Глава 1. Волчий Дар
Лес был не просто скоплением деревьев; он был живым существом, древним и мудрым. Он не дышал, как зверь – с шумом и перерывами, – а скорее пребывал в вечном, размеренном движении, подобно духу. Воздух, что струился меж сосен, был напоён запахами – хвои, прелой листвы, гниющей коры и чего-то ещё, глубокого и скрытного, что таилось под корнями и вековым мхом. Этот ветер не просто шелестел – он вещал. Слышать его дано было немногим. И Дарина слышала.
Ей минуло двенадцать зим, не больше. Но глаза её были не детскими – старше времени, глубже, чем полагалось её возрасту. Цветом – как спелая черника, что вызревает на болотных кочках, куда не ступала нога чужого. Она знала лес не по тропам, а по его дыханию. Не по следам, а по сменяющимся теням.

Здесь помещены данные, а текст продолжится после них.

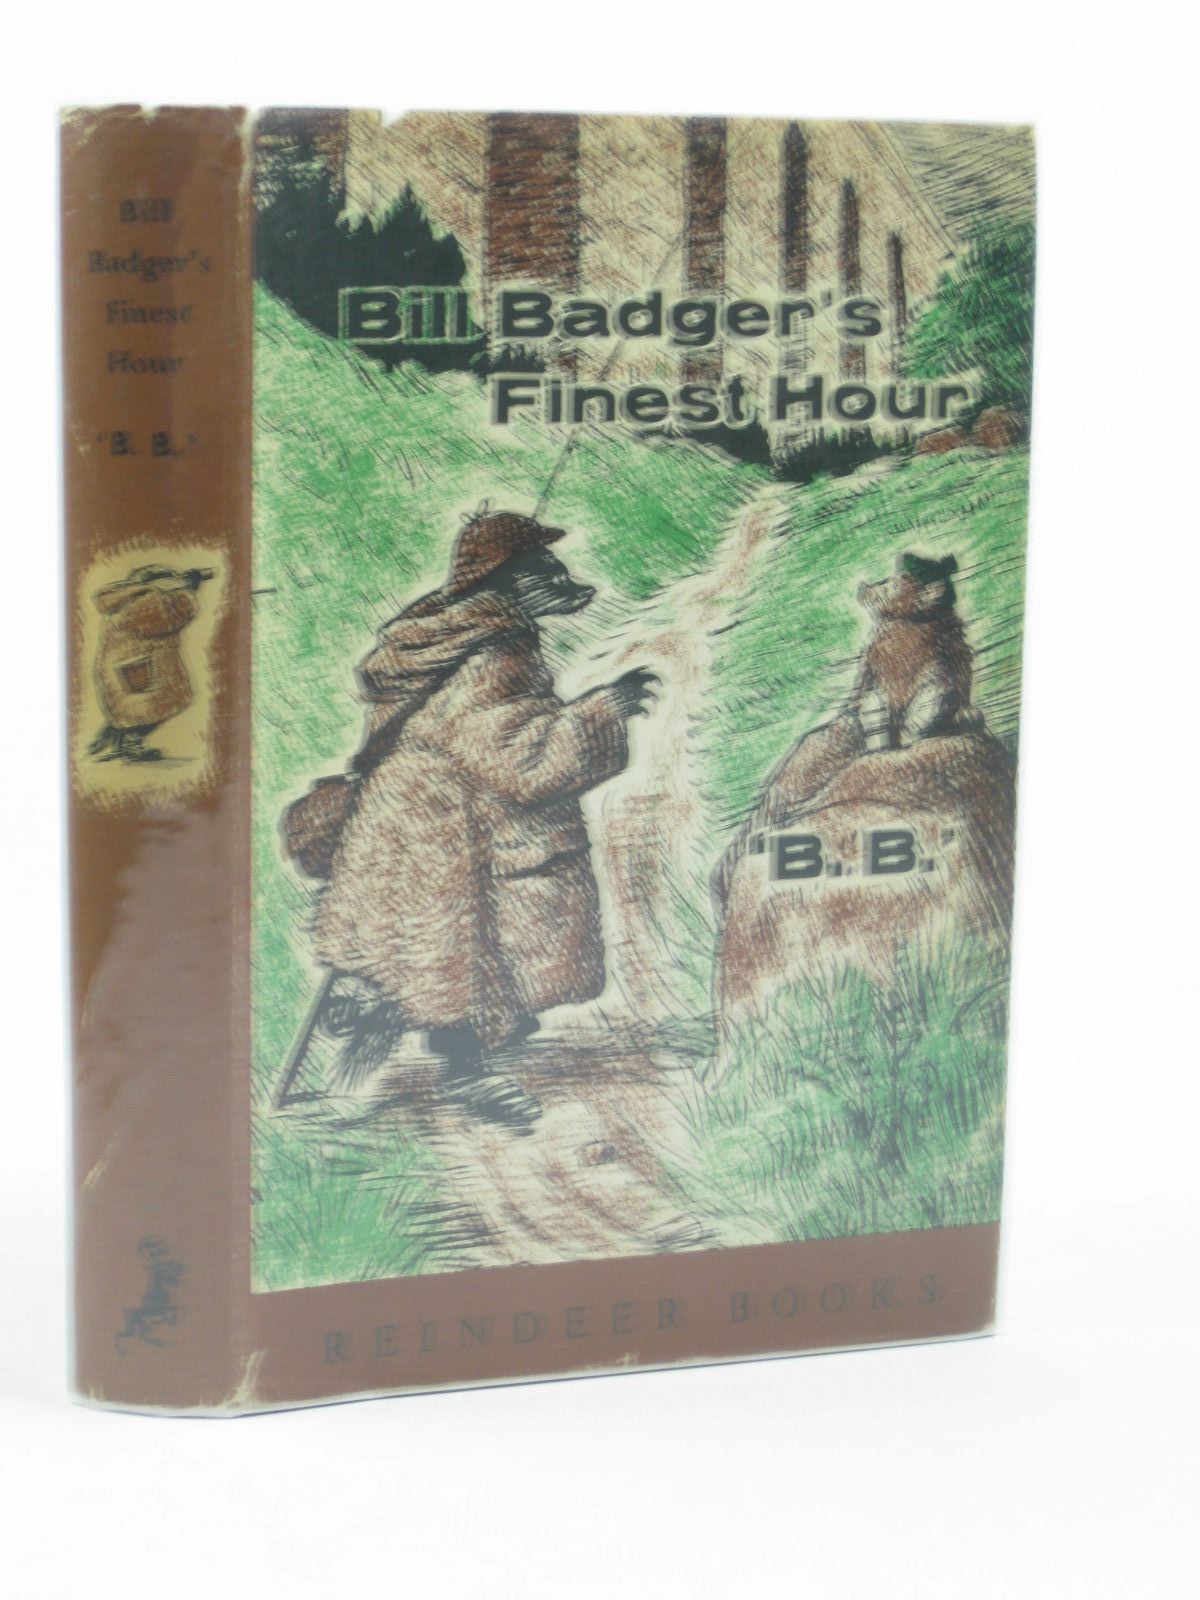 Cover of BILL BADGER'S FINEST HOUR by  BB

Её дед, лесник из рода Бобра, чьи предки испокон веку жили на краю чащи, учил: «Лес – не пустота меж стволов. Лес – живой. Он видит. Он помнит. Он выбирает, с кем говорить, а кого и слопать».

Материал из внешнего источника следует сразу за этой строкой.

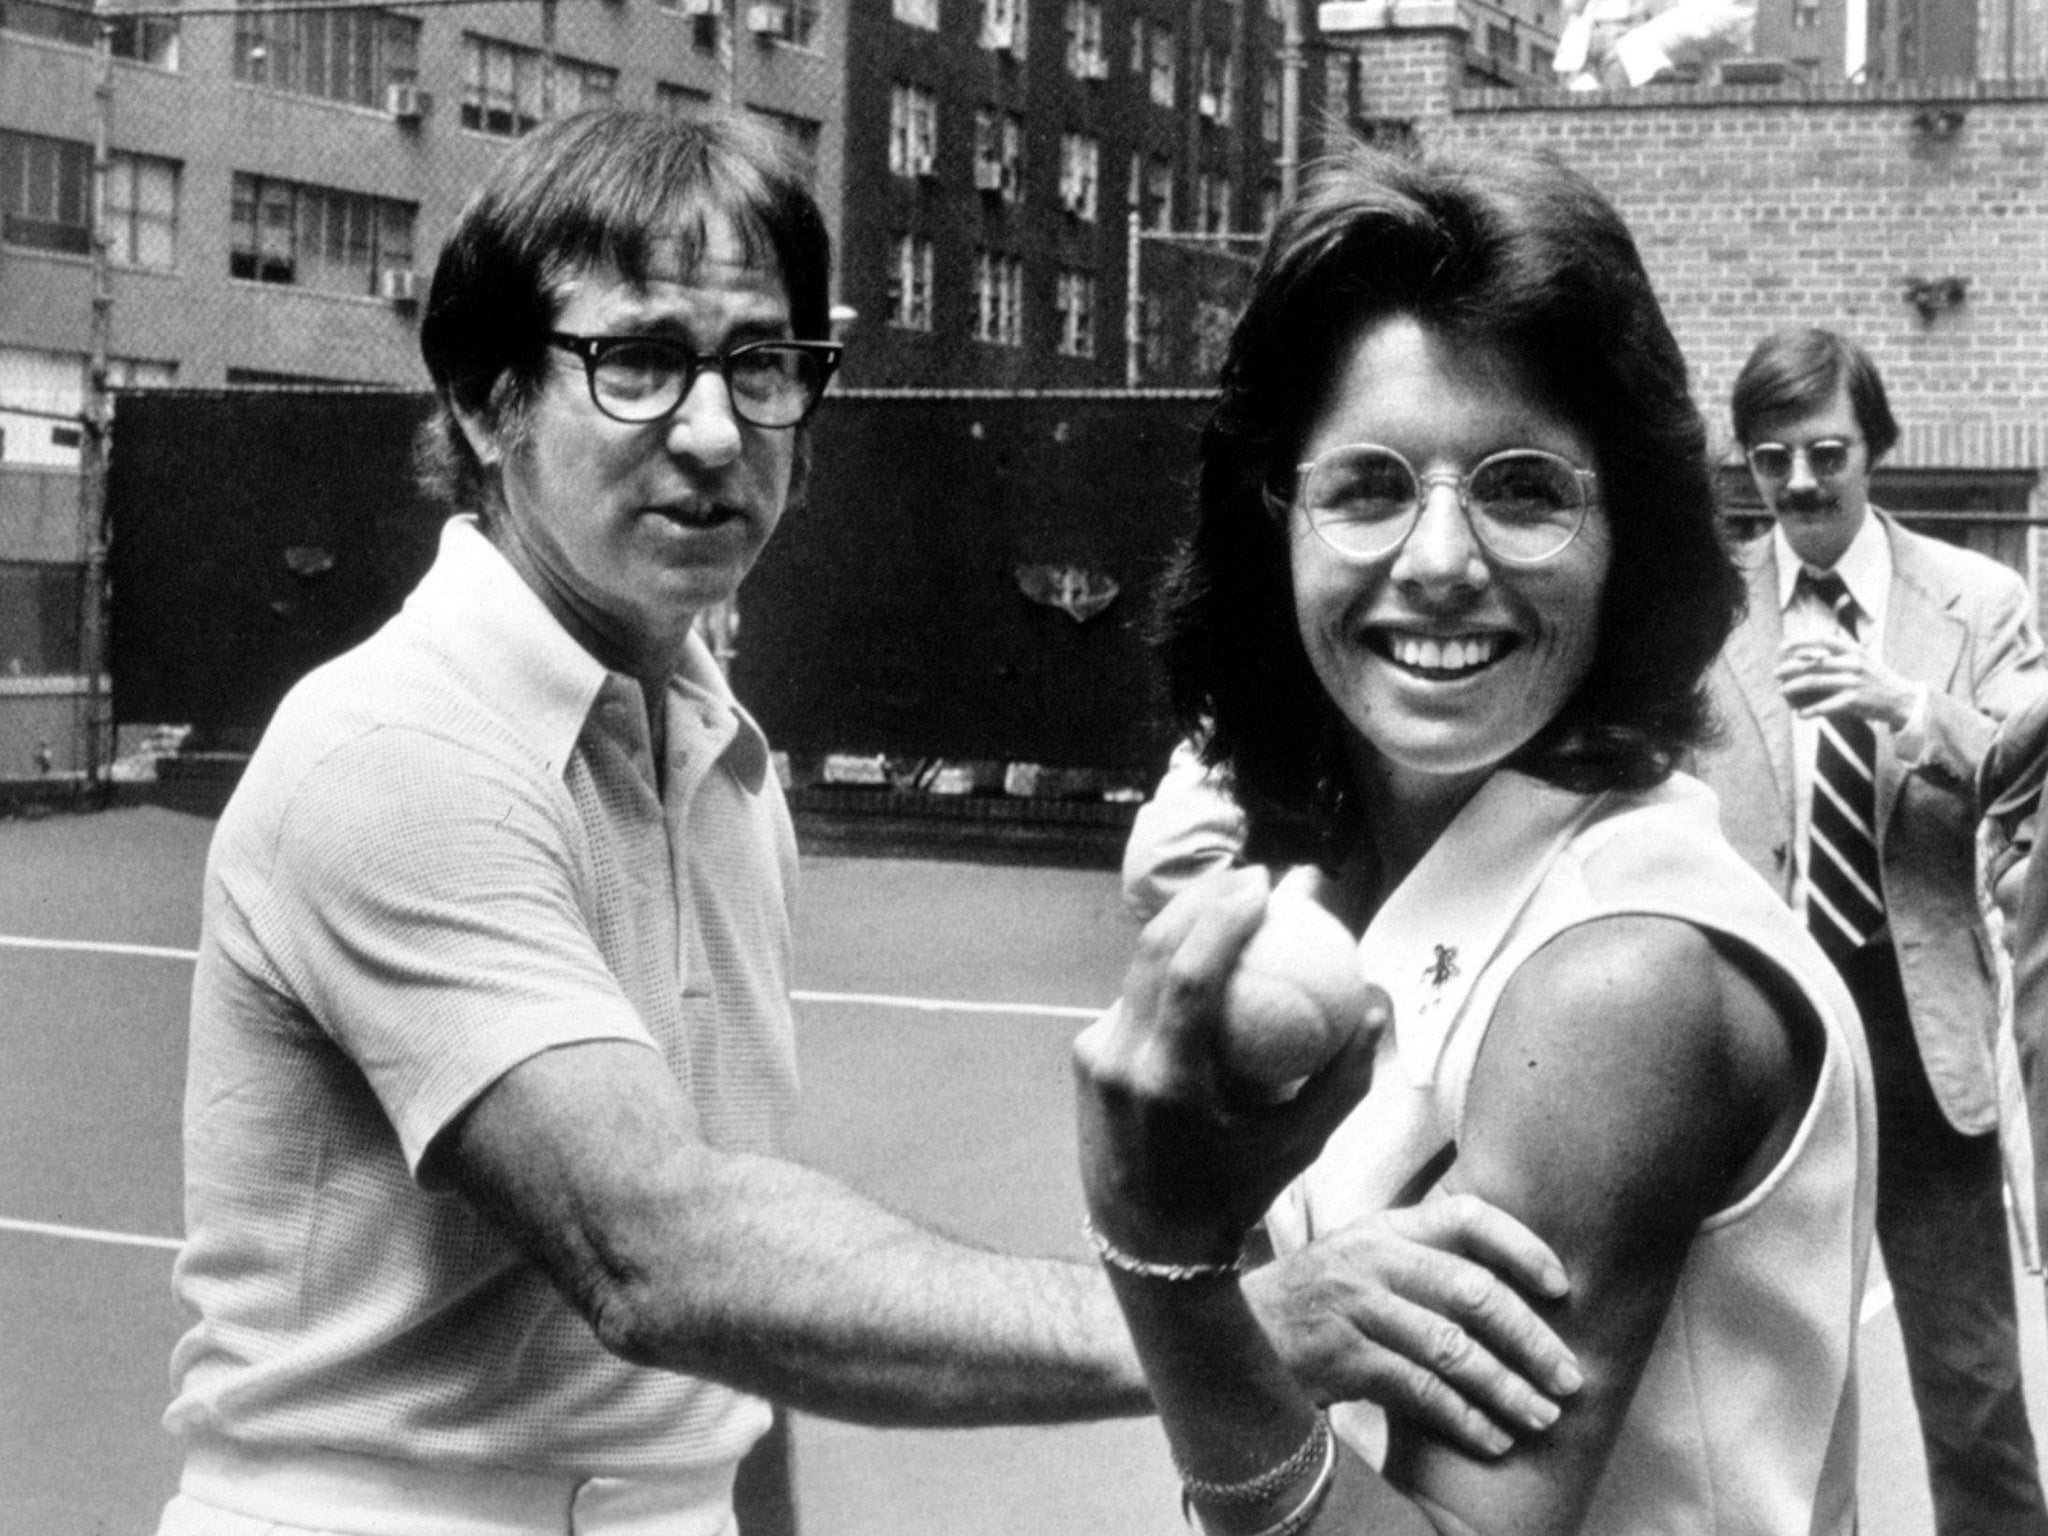 Billie Jean King and Bobby Riggs in 1973

Сегодня лес выбрал не её. Но она – его, безраздельно и навсегда.
С опушки, с той кромки, где паханая земля деревни Березовый Бор упиралась в древний, дикий лес, донёсся шум. Не праздничный гомон, не песни – а тревожный, рваный гул. Металлический лязг, приглушённые крики, отрывистый лай псов. Люди. С железом в руках. Железо – не дар лесных духов, не благо. Оно режет не только плоть, но и саму связь с миром, тонкие нити, что тянутся от всего живого к сердцу Матери-Земли. Железо глушит голоса навьев и берегинь, заставляет духов отшатнуться и уйти вглубь. Потому-то оно – в руках воинов, а не ведающих.
Дарина замерла за буреломом, в прохладной тени упавшей сосны, что вся поросла седым, как старческая борода, мхом. Лукошко её, туго набитое поздними ягодами – костяникой, румяной брусникой, горьковатой черникой, – стояло у корней, позабытое. Она не дышала, вобрав в себя весь воздух, и смотрела, вжимаясь в землю.
И вот из чащи, раздвинув лапником, выскочила волчица.
Не просто зверь. Не просто хищник. В ней чувствовалось нечто большее. Шерсть на боку и ляжке была пропитана кровью – тёмной, запекшейся, почти чёрной, будто её полили дёгтем. Передняя лапа безвольно повисла, сломанная, вероятно, метким ударом копья или стрелой из тугого лука. Но пасть её была сомкнута. И в ней, зажатый аккуратно, будто драгоценность, лежал свёрток. Грубый посконный плат, выцветший от солнца и дождей, пропахший овечьим молоком и дымом человеческого очага. А в плату том – младенец. Не плачущий. Не кричащий. Лишь тихо постанывающий, словно раненый птенец, выпавший из гнезда.